━━━ GIVEN DATA ━━━
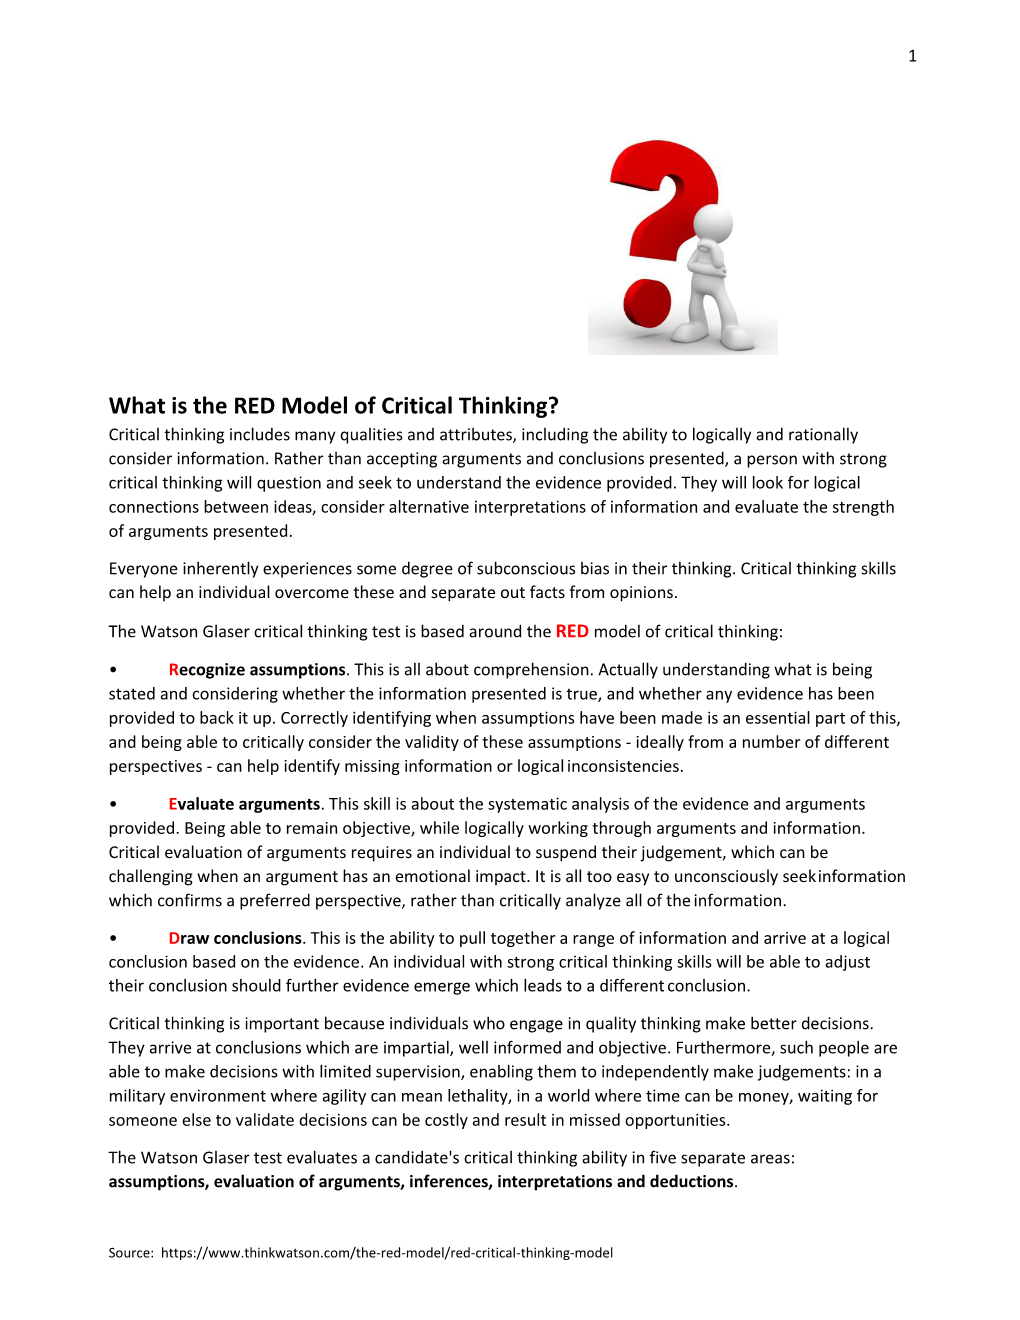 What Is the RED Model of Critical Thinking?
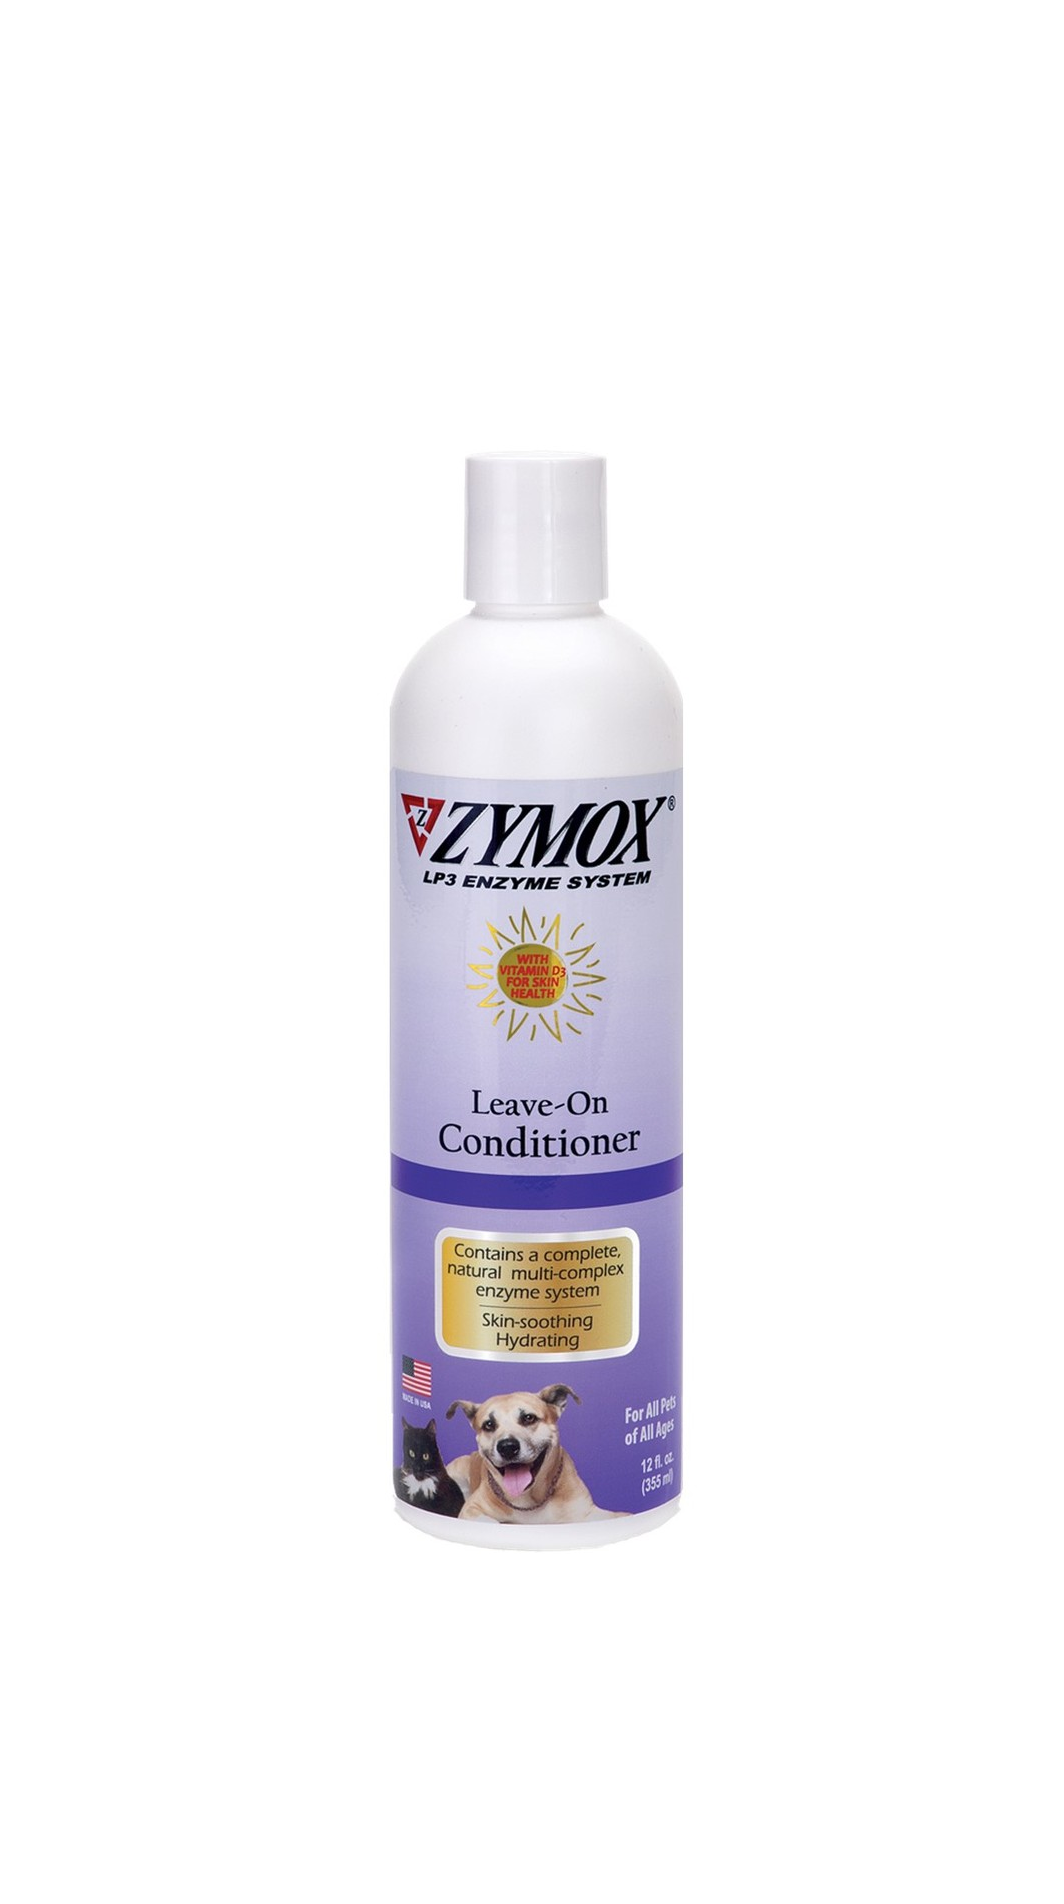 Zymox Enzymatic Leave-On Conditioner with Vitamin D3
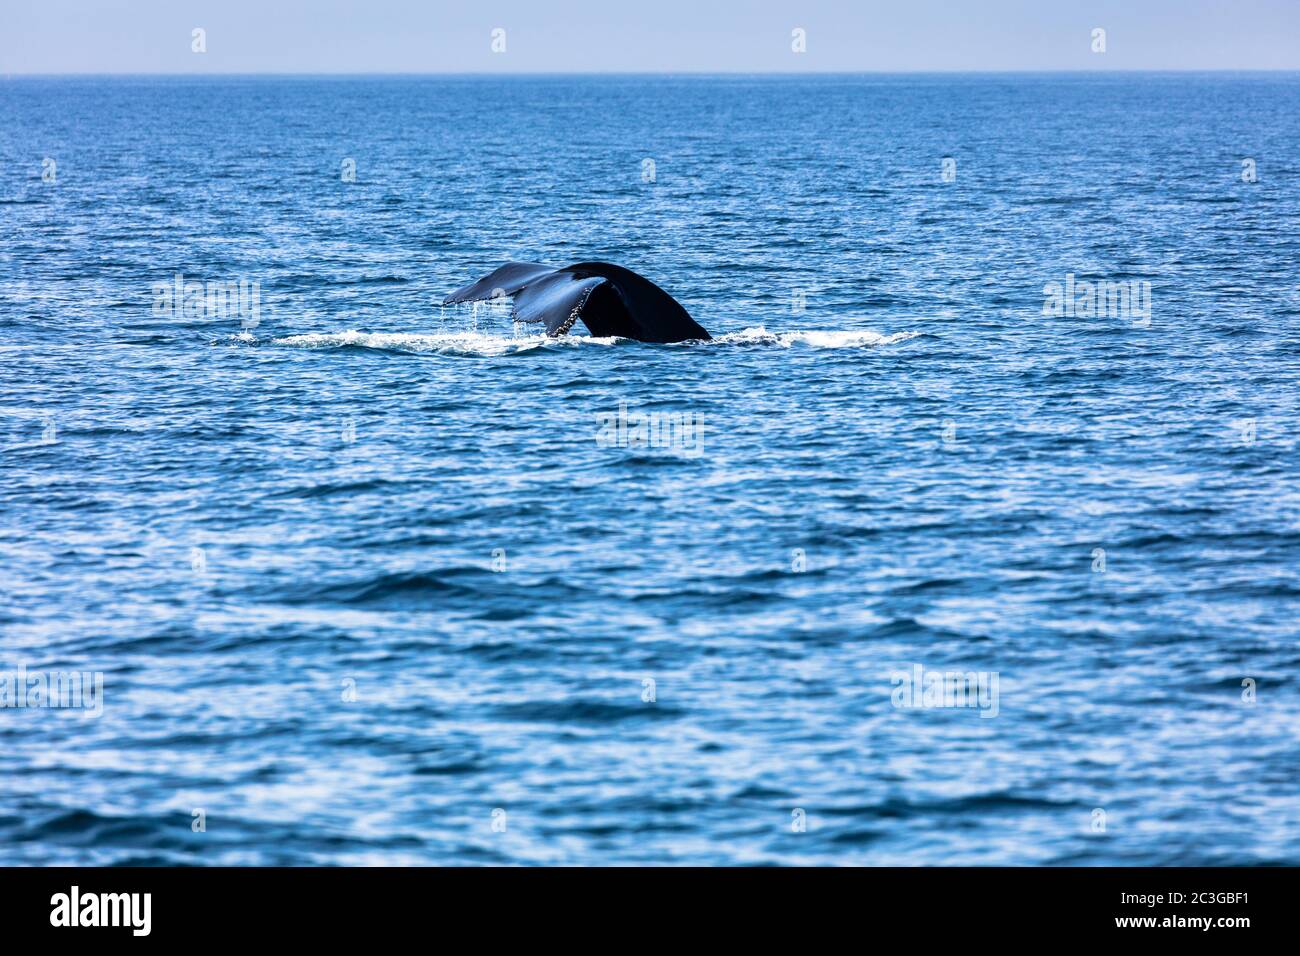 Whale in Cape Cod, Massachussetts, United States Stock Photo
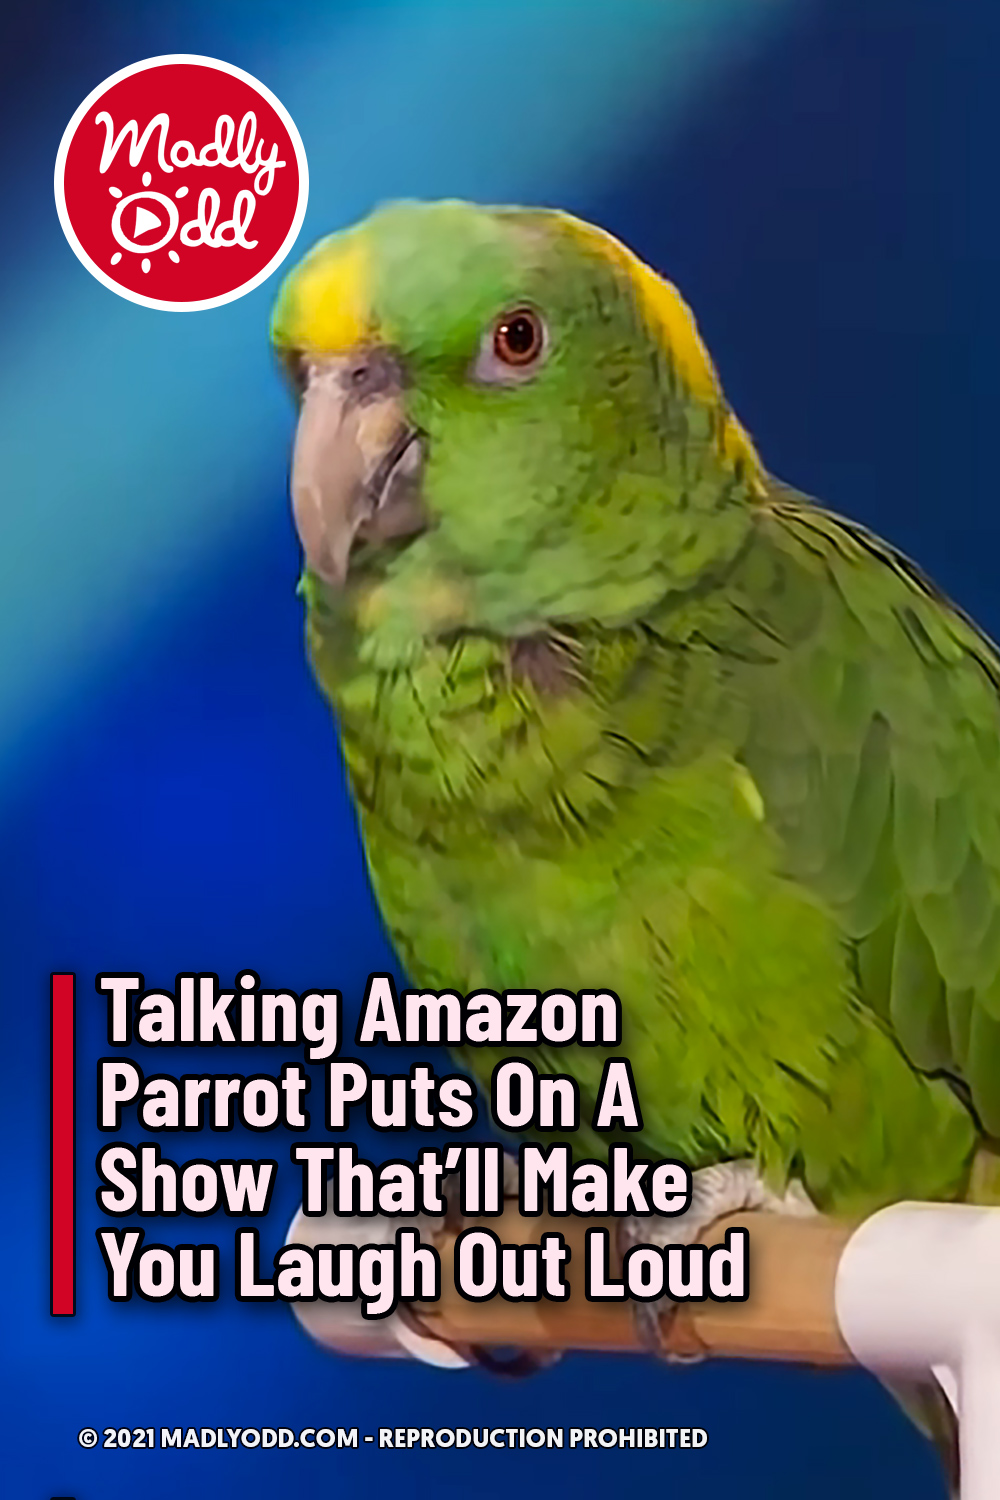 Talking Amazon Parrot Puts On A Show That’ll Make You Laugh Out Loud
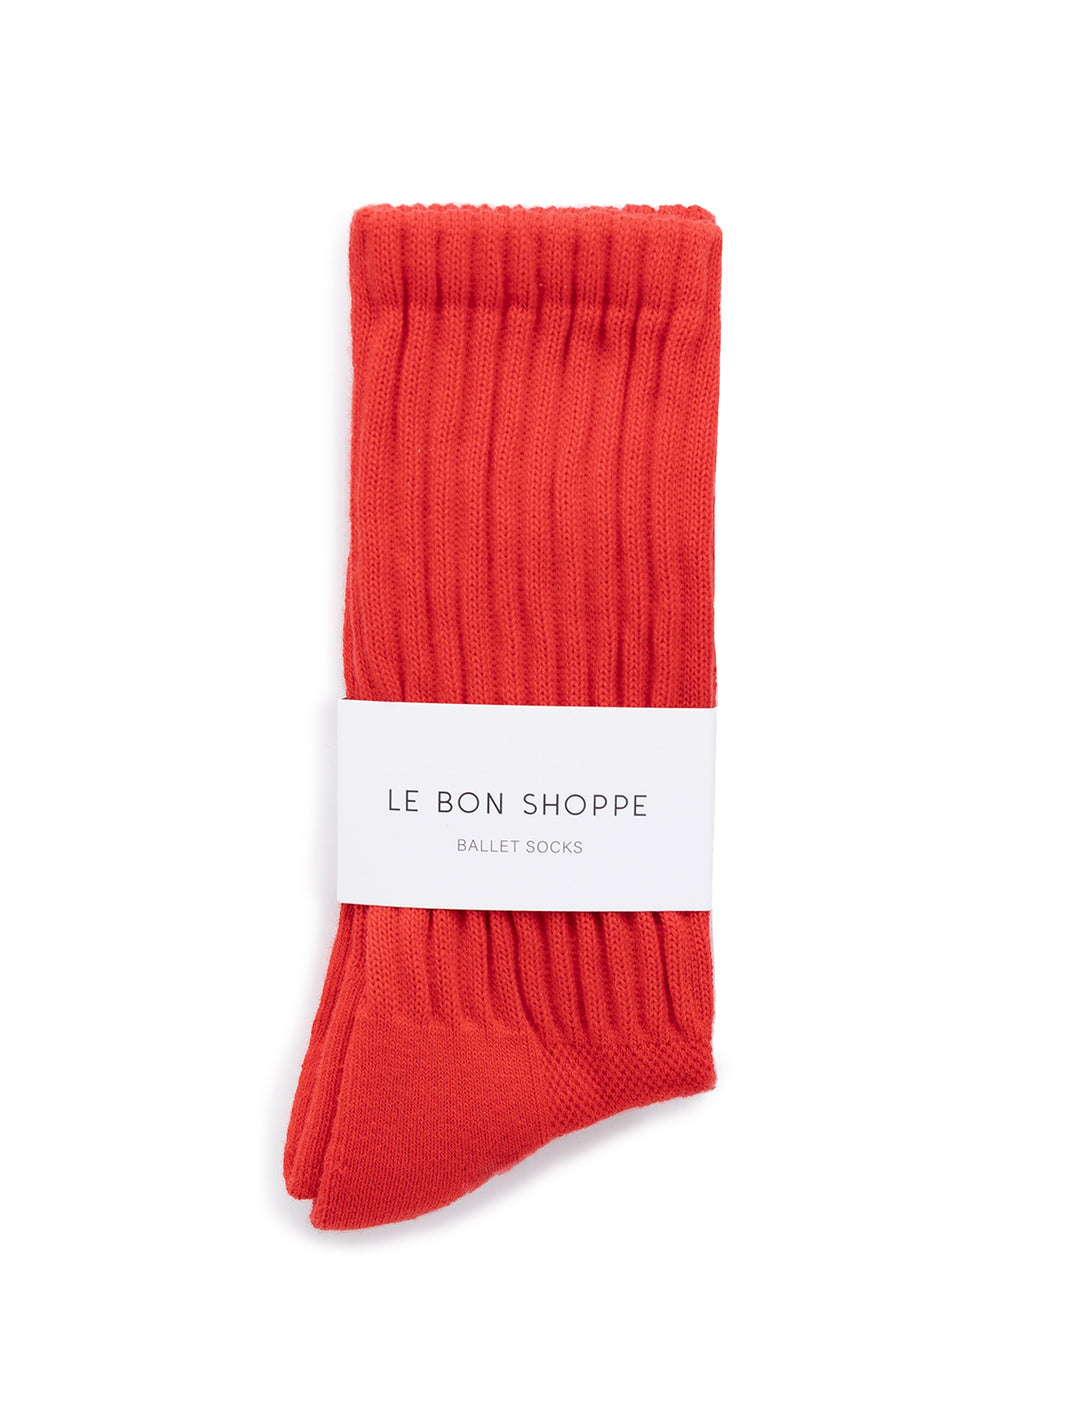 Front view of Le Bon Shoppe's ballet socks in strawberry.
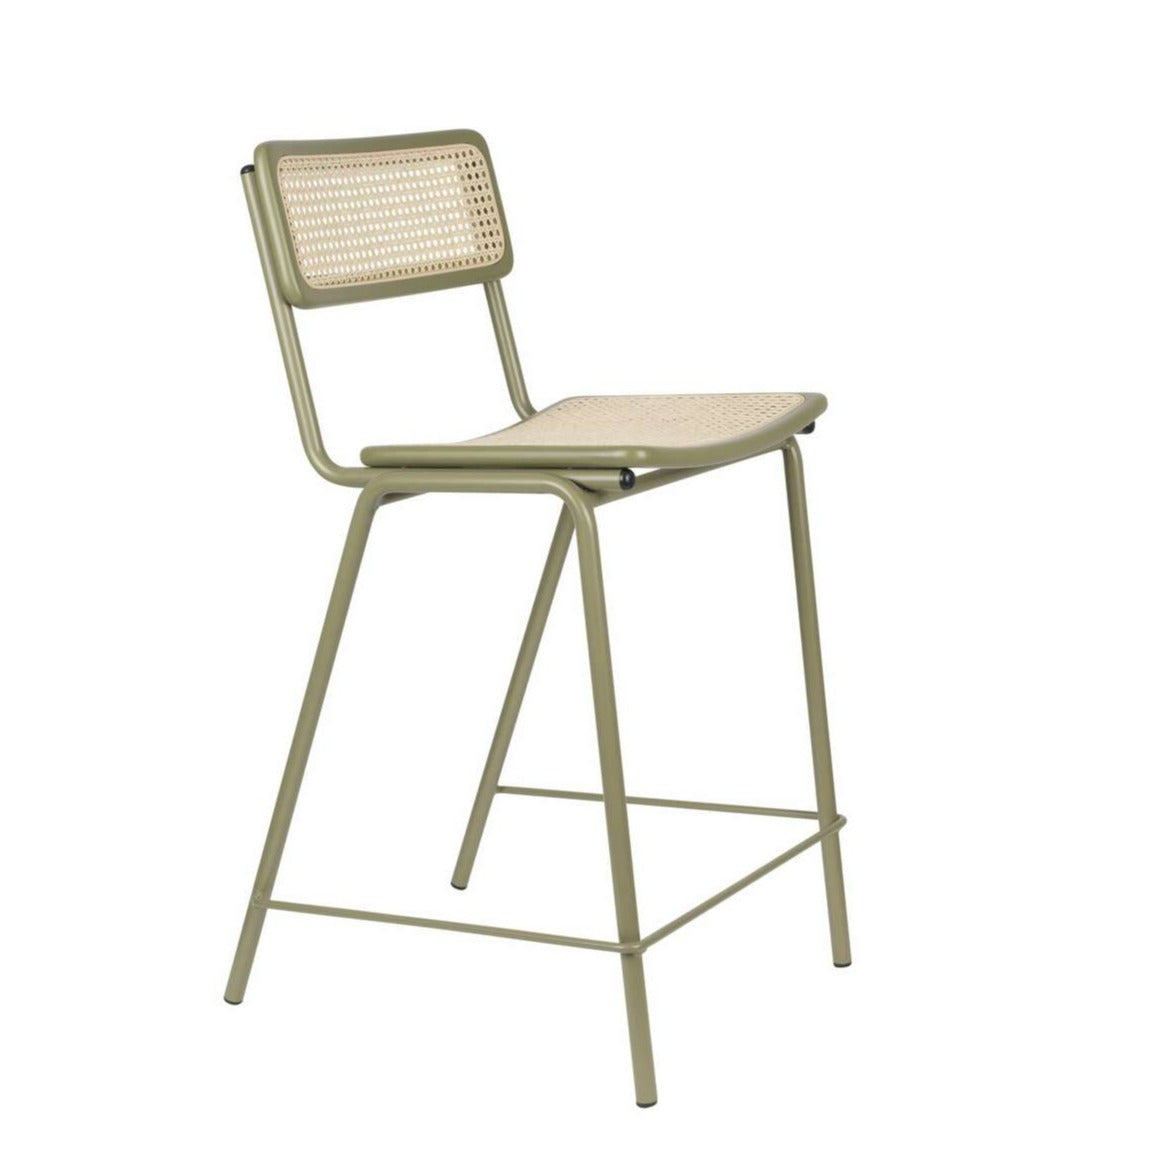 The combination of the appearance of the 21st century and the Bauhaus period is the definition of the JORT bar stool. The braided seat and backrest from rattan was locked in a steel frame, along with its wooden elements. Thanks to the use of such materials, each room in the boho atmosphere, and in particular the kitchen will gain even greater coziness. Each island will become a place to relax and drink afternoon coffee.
━━━
**TASK PROMPT:** Reproduce each entry word for word and cut the images.

**ANSWER AREA:**
 What Is the RED Model of Critical Thinking?
 Zymox Enzymatic Leave-On Conditioner with Vitamin D3
 Whale in Cape Cod, Massachussetts, United States Stock Photo
 Talking Amazon Parrot Puts On A Show That’ll Make You Laugh Out Loud
 Front view of Le Bon Shoppe's ballet socks in strawberry.
 The combination of the appearance of the 21st century and the Bauhaus period is the definition of the JORT bar stool. The braided seat and backrest from rattan was locked in a steel frame, along with its wooden elements. Thanks to the use of such materials, each room in the boho atmosphere, and in particular the kitchen will gain even greater coziness. Each island will become a place to relax and drink afternoon coffee.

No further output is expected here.